As all pet-owning tenants know, most leases and rental agreements contain no-pets clauses. Such provisions are legal everywhere, and, when a tenant violates a no-pets clause, landlords may terminate the tenancy. Most courts will order an eviction when a tenant who violates the clause refuses to move out or get rid of the pet.
In the following situations, however, landlords might not be successful in enforcing a no-pets clause.
Even though landlords may refuse to rent to someone with a pet, it's harder for a landlord to change the rules if a tenant already has a pet. The landlord's legal right to change the terms of the tenancy usually depends on whether you signed a rental agreement or a lease.
A landlord who doesn't object to a tenant's pet for several months or years might lose the right to enforce a written no-pets clause: A court could decide that by not acting promptly, the landlord waived the right to object. (Be aware, however, that some leases contain a "no-waiver clause," in which landlords reserve their right to enforce a term of the lease at any time—even when they haven't enforced it in the past. Courts don't have to enforce a no-waiver clause, but having one in the lease might boost a landlord's position.)
How long landlords can wait without effectively waiving their right to enforce depends on the circumstances. Courts have held that a few days' delay isn't too long. But a tenant who has had a pet for several months or a year might have a strong legal argument for getting to keep it. Also, local law might impose a timeframe on how long landlords have to take action—for example, in New York City, a landlord has three months after finding out about a tenant's pet to start enforcing a no-pets clause. If the clause isn't enforced during that period, the landlord loses the right to enforce it (unless the pet is a nuisance). The ordinance mentions only leases; it doesn't say whether or not a landlord who has allowed a pet can enforce a no-pets clause in a month-to-month rental agreement.
What if a landlord or manager tells you it's all right to move in with a pet, even though the lease you signed says no pets are allowed? If you relied on the landlord's promise that it was okay—perhaps by acquiring a dog, or choosing the apartment because you could bring your cat—a court might rule that the landlord could not later try to get out of the agreement. In the end, it comes down to basic fairness.
For example, a New Jersey court ruled that tenants who had kept a dog for more than ten years could not be kicked out of their apartment because they refused to accept a no-pets clause when they renewed the lease. The apartment manager had told the tenants that they could have a dog because they were such good tenants. The court found that because the tenants had relied on that promise, buying and becoming attached to a purebred dog, they should not have to get rid of their pet "on the basis of a landlord's whim or caprice." (Royal Associates v. Concannon, 490 A.2d 357 (N.J. Super. 1985).)

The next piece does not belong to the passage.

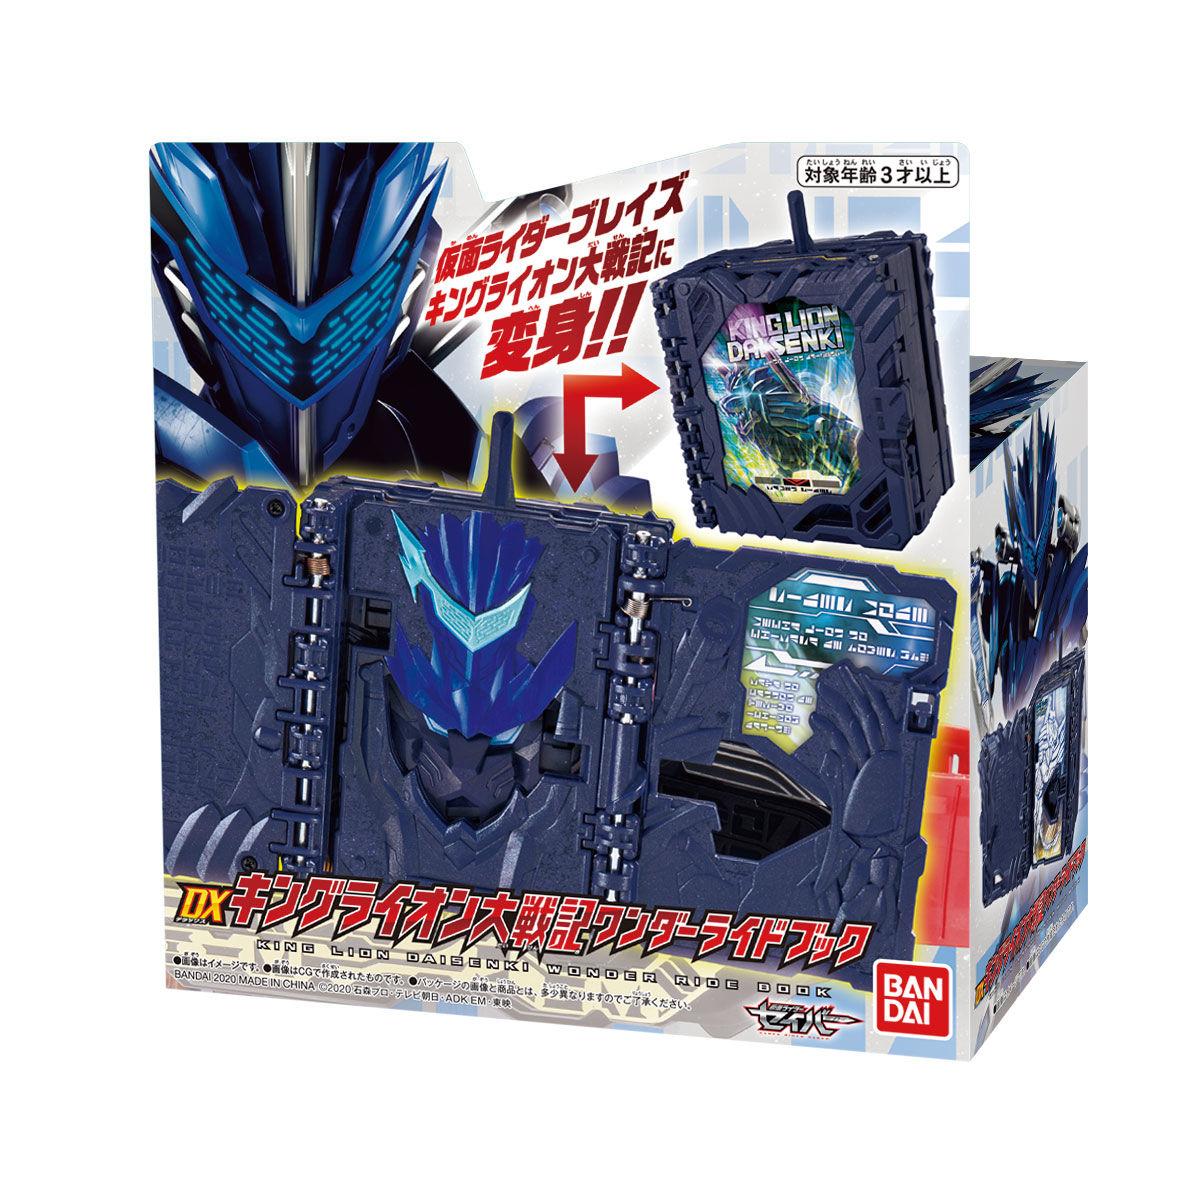 仮面ライダーセイバー『DXキングライオン大戦記ワンダーライドブック』変身なりきり-010

Service animals are allowed in rental housing, regardless of a no-pet policy. A service animal is one that is trained to perform a task directly related to the person's disability. Federal law states that dogs and miniature horses can be service animals. Examples of service dogs include guide dogs, hearing dogs, psychiatric service dogs, and seizure response dogs.
But even tenants who don't require a service animal might have a special need for an emotional support and comfort or companion animal (an "ESA"). In some situations, the tenant's need might prevail over a landlord's wish to enforce a no-pets clause. If the tenant is a person with a disability, and the ESA provides assistance that enables the tenant to live safely and equally in the rental, the landlord might have to make reasonable accommodations for the tenant and allow the ESA despite a no-pets policy. Each situation is unique, though, and landlords are allowed to put reasonable conditions on their approval of an ESA. For example, a landlord may decline to allow a noisy parrot on the grounds it disturbs other tenants, but might not be able to decline a miniature pig without good reason.
You don't want to go to court to argue about any of these theories if you can possibly avoid it. So if a landlord tries to get rid of you or your pet, try to work things out. You might end up paying a little more rent or putting down a bigger security deposit, but it will be cheaper than court.
If you need some help negotiating, try a community mediation center or the local humane society, which might provide mediators specifically for landlord-tenant disputes about pets. If negotiations seem pointless or you're unsure whether you're in violation of a no-pets policy, consider contacting a local landlord-tenant attorney to discuss your situation.